Mai come in questo periodo di distanziamento sociale siamo chiamati a riflettere sulle implicazioni della riduzione delle relazioni tra gli esseri umani. Le relazioni affettive, quelle professionali, quelle amicali e quelle occasionali sono la materia prima di processi profondi di strutturazione delle personalità individuali, ma, soprattutto, sono il regolatore della qualità della vita sociale, perché determinano la temperatura della fiducia reciproca, l’atteggiamento nei confronti dello spazio pubblico, l’approccio alla conoscenza e al rispetto delle persone, delle cose e degli ambienti.
Le relazioni accompagnano, rassicurano, esprimono solidarietà e conforto, indirizzano, producono innovazione, cultura, arte, sicurezza. Attraverso le relazioni si consolidano le libertà personali e collettive, si sedimentano i meccanismi di trasferimento delle conoscenze tra le generazioni.
Insomma, quando si verifica un’alterazione della qualità e quantità delle relazioni gli effetti possono essere devastanti. Ne sono un esempio drammatico, ben prima dell’emergenza sanitaria in corso, le diverse forme di violenza di genere, specie quelle che si consumano tra le mura domestiche, o il maltrattamento e la trascuratezza di bambini e bambine, l’aggressività e il bullismo nei gruppi di pari, la violenza della comunicazione online. E molto altro ancora.
Per quanto si potrebbe parlare a lungo, e in modo certamente più qualificato, delle ragioni che sovrintendono allo strutturarsi delle relazioni nei diversi contesti di interazione sociale, c’è un’area sensibile sulla quale merita soffermarsi, ed è quella che riguarda la primissima infanzia.
Il migliore inizio passa per le relazioni
Nel documento Nurturing Care Framework, a cura di World Health Organization, United Nations Children’s Fund e World Bank Group, pubblicato nel 2018 e prodotto da un panel internazionale di studiosi e professionisti delle principali agenzie impegnate sul benessere della prima infanzia, si cita una felice affermazione del pediatra americano Dimitri Christakis: “se cambi l’inizio della storia cambi tutta la storia”.
L’inizio della storia è quello che si fa coincidere coni cosiddetti primi 1000 giorni, spazio di tempo nel quale il cervello di una piccolissima persona subisce un processo di accrescimento ponderale e neuronale straordinario.

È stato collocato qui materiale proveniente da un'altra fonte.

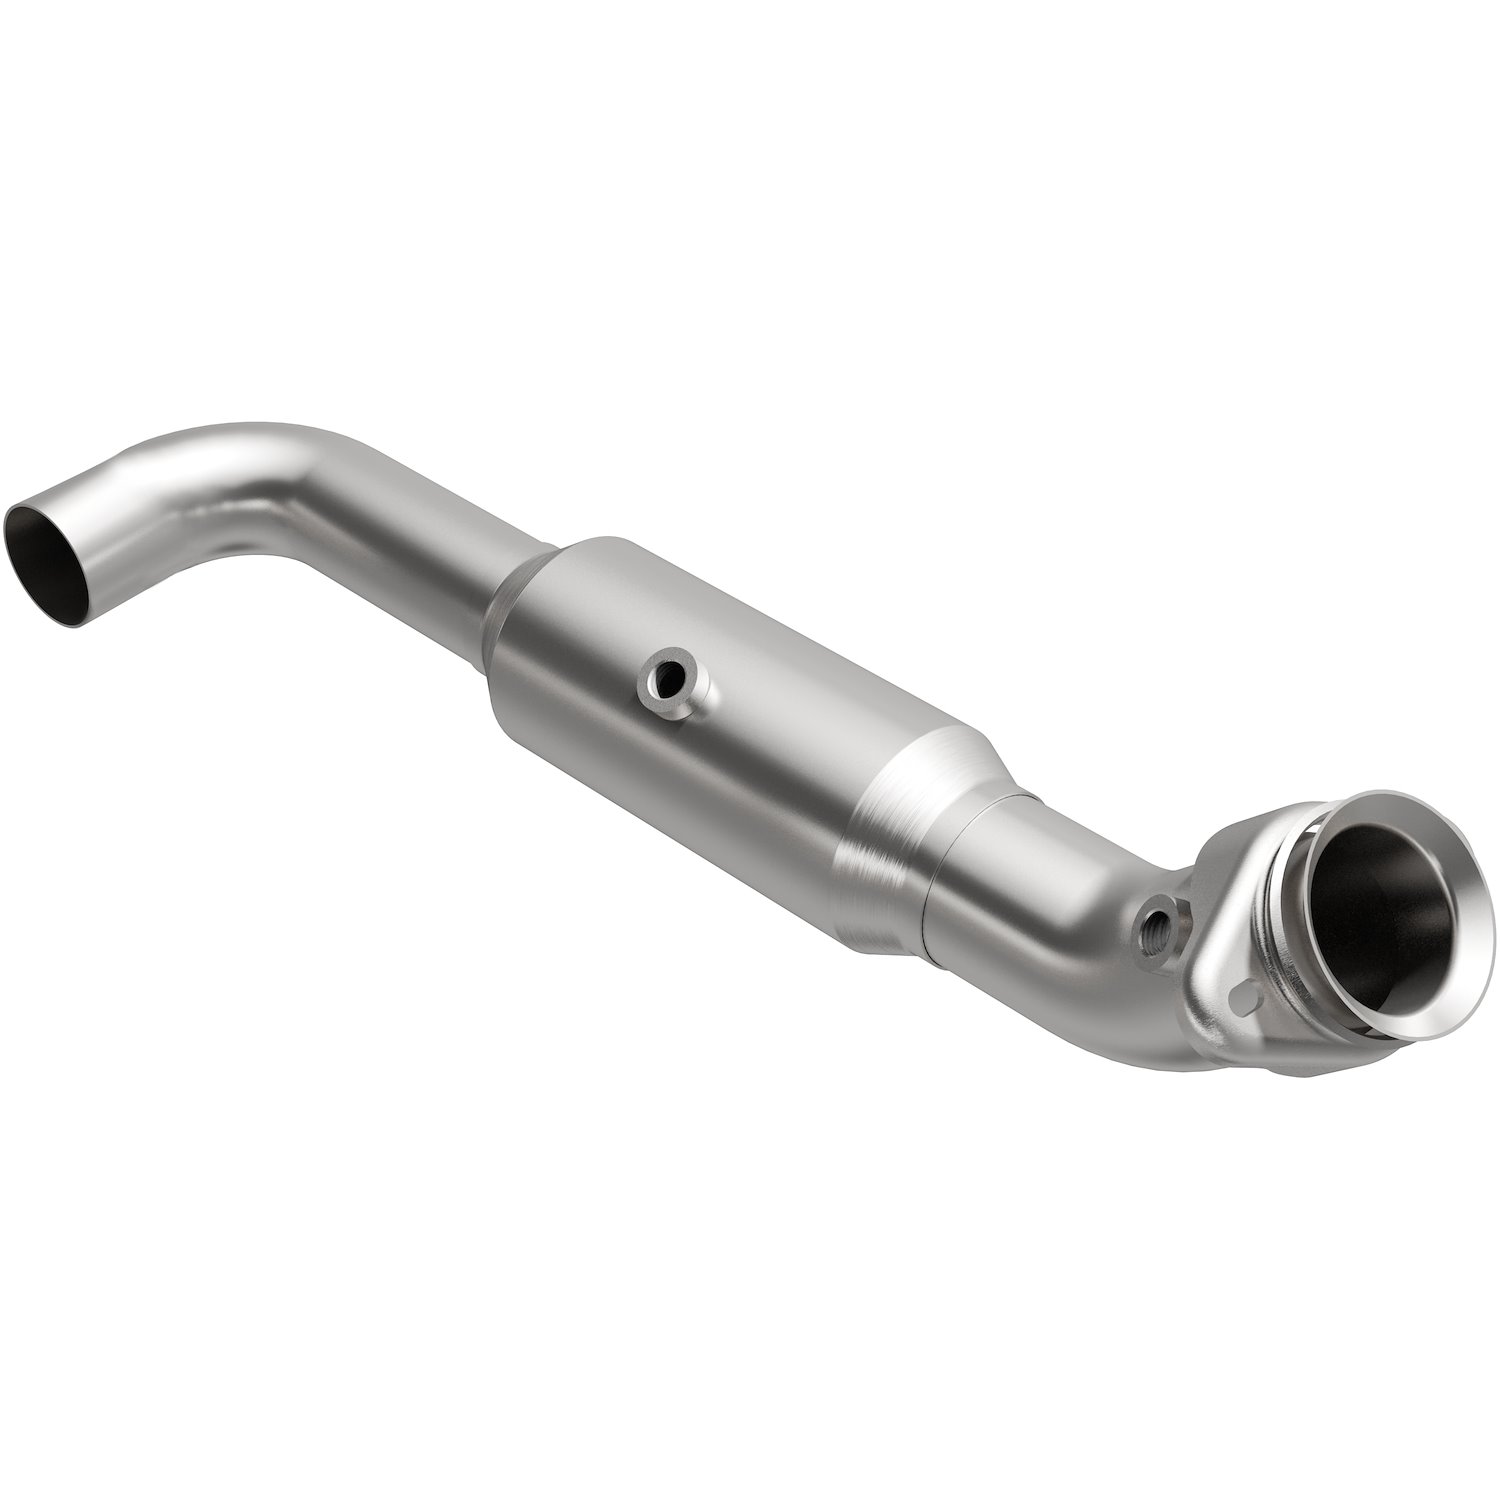 2010-2014 Ford F-150 California Grade CARB Compliant Direct-Fit Catalytic Converter

E periodo nel quale si perfezionano la capacità di riconoscere se stesso e gli altri, la sensibilità verso lo spazio e le cose, il senso della cura ricevuta e data, la percezione delle grandezze, delle quantità, del piacere di un contatto.
E tutto questo passa, oltre che nel latte materno, attraverso le mani, gli occhi, le voci, la pelle dei genitori, degli altri adulti di riferimento, ma attraverso gli sguardi curiosi e gli scambi con i coetanei e le coetanee.
Non di solo latte
Ancora oggi la percezione di un neonato difetta degli aspetti relazionali. Nell’immaginario sociale spesso un neonato è un piccolo coacervo di necessità primarie, latte-sonno-cacca, gestito dentro le mura di una casa, con il supporto periodico di una figura pediatrica. Spostare l’asticella di percezione sulle relazioni significa passare dalla visione nucleare – mamma, papà e pediatra che cercano di assicurare le funzioni essenziali dell’accudimento – alla visione olistica di una piccola comunità di personaggi che si prendono cura di un nuovo arrivato, attraverso il supporto ai genitori, la predisposizione di spazi attrezzati, l’offerta di servizi educativi e nidi di qualità, l’integrazione tra la dimensione sanitaria, quella sociale e quella educativa. Non di solo latte ha bisogno una piccola persona, ma di attenzioni, di parole, di gioco, di lettura ad alta voce, di serenità e supporto ai suoi genitori, di accoglienza sociale. In una parola di una comunità di cura o, come forse ancor meglio dicono i documenti ufficiali, di un Nurturing Care Famework.